The process for revising the 1980 base was different than that for 1990.I think all that is documented somewhere.

26

How is the population estimated for the in between years?

This is a monthly nationwide survey of a scientifically selected sample representing the noninstitutional civilian population. The sample is located in 754 areas comprising 2,121 counties, independent cities, and minor civil divisions with coverage in every state and the District of Columbia and is subject to sampling error.

Estimates are produced using components: Births, Deaths, and International Migration. You can find out more looking in the documentation under "National Estimates" under "Estimates", on http://www.census.gov

27

Why is there a second breakdown of school-age children?

 

School age breakdown - for convenience. Those are popular aggregations. NOTE - this may clear up further questions - the national estimates are produced and available for single years of age, by sex, race and Hispanic origin. The figures that appear in the table are put there as space allows and in an attempt to please as many users as possible.

28

What are the implications of suddenly switching to 10 year segments of the population after doing the rest in 5 year blocks? And what about 85 and over?

 

NOTE - this may clear up further questions - the national estimates are produced and available for single years of age, by sex, race and Hispanic origin. The figures that appear in the table are put there as space allows and in an attempt to please as many users as possible.

29

"Excludes Armed Forces overseas" - how long do they have to be overseas?

 

Armed Forces Overseas - that's whoever is overseas as of the estimate date.
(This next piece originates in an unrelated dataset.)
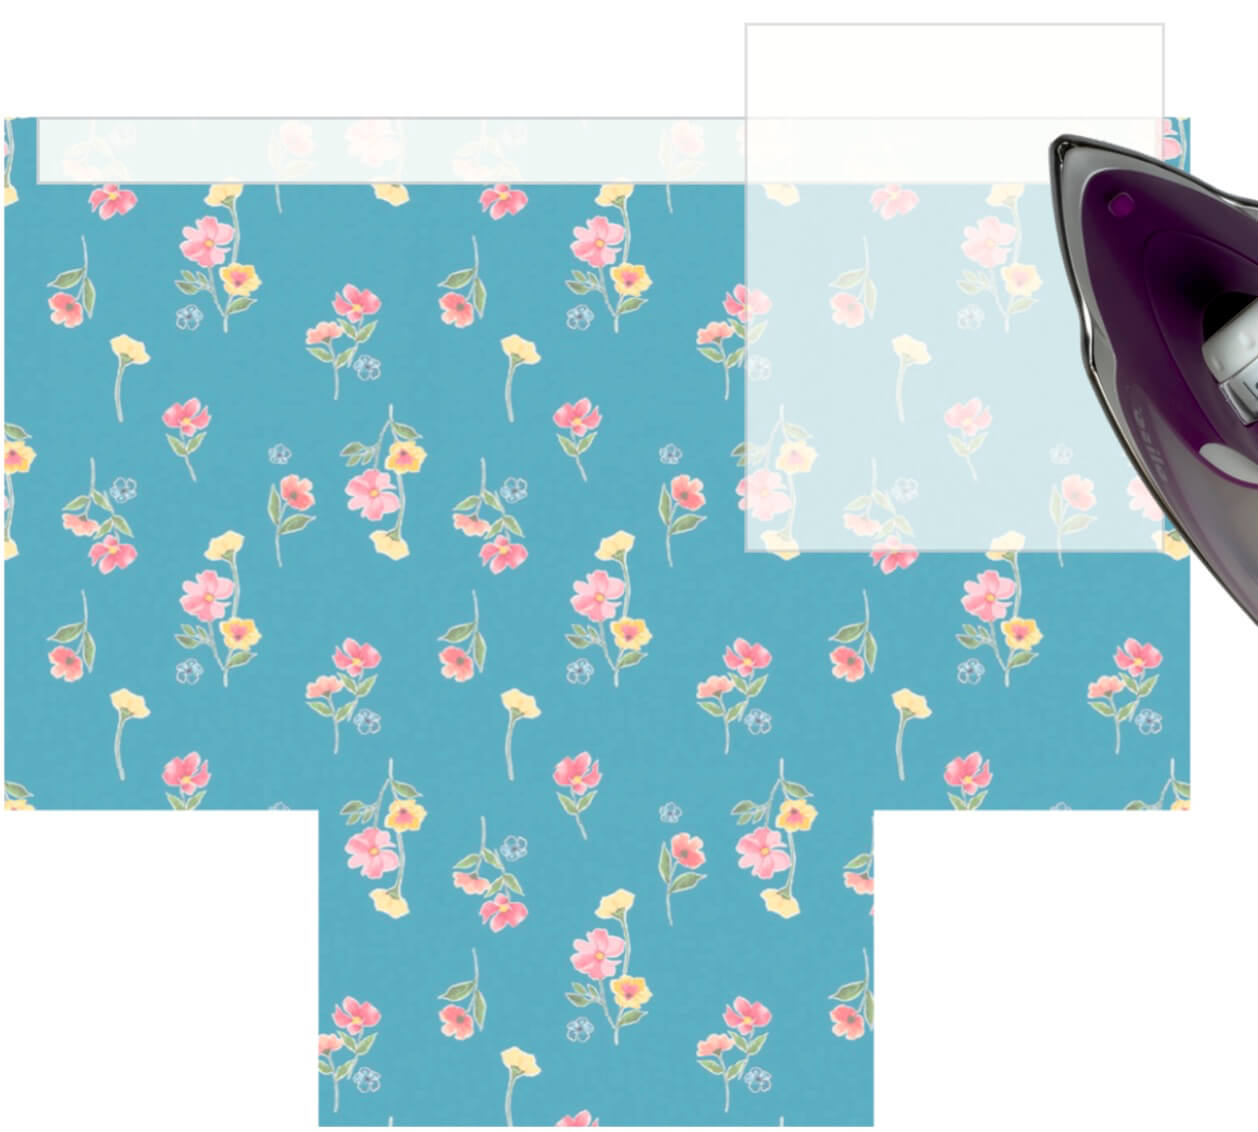 NEW! Stitch it! Sisters Sew Organized Fabric Bins Sewing Tutorial

Doesn't matter how long.

30

What are the implications of calculating the numbers from April 1 in 1980 and 1990, and July 1 in the interim years?

 

The people that do the estimates adjust for the 3-month interval.

31

Who is classified as white?

 

race is controlled by OMB, next of kin provides race on the death certificate

32

Who is classified as black?

 

race is controlled by OMB, next of kin provides race on the death certificate

33

Who is included in "all other"?

 

race is controlled by OMB, next of kin provides race on the death certificate

34

Do the data points represent more years to live?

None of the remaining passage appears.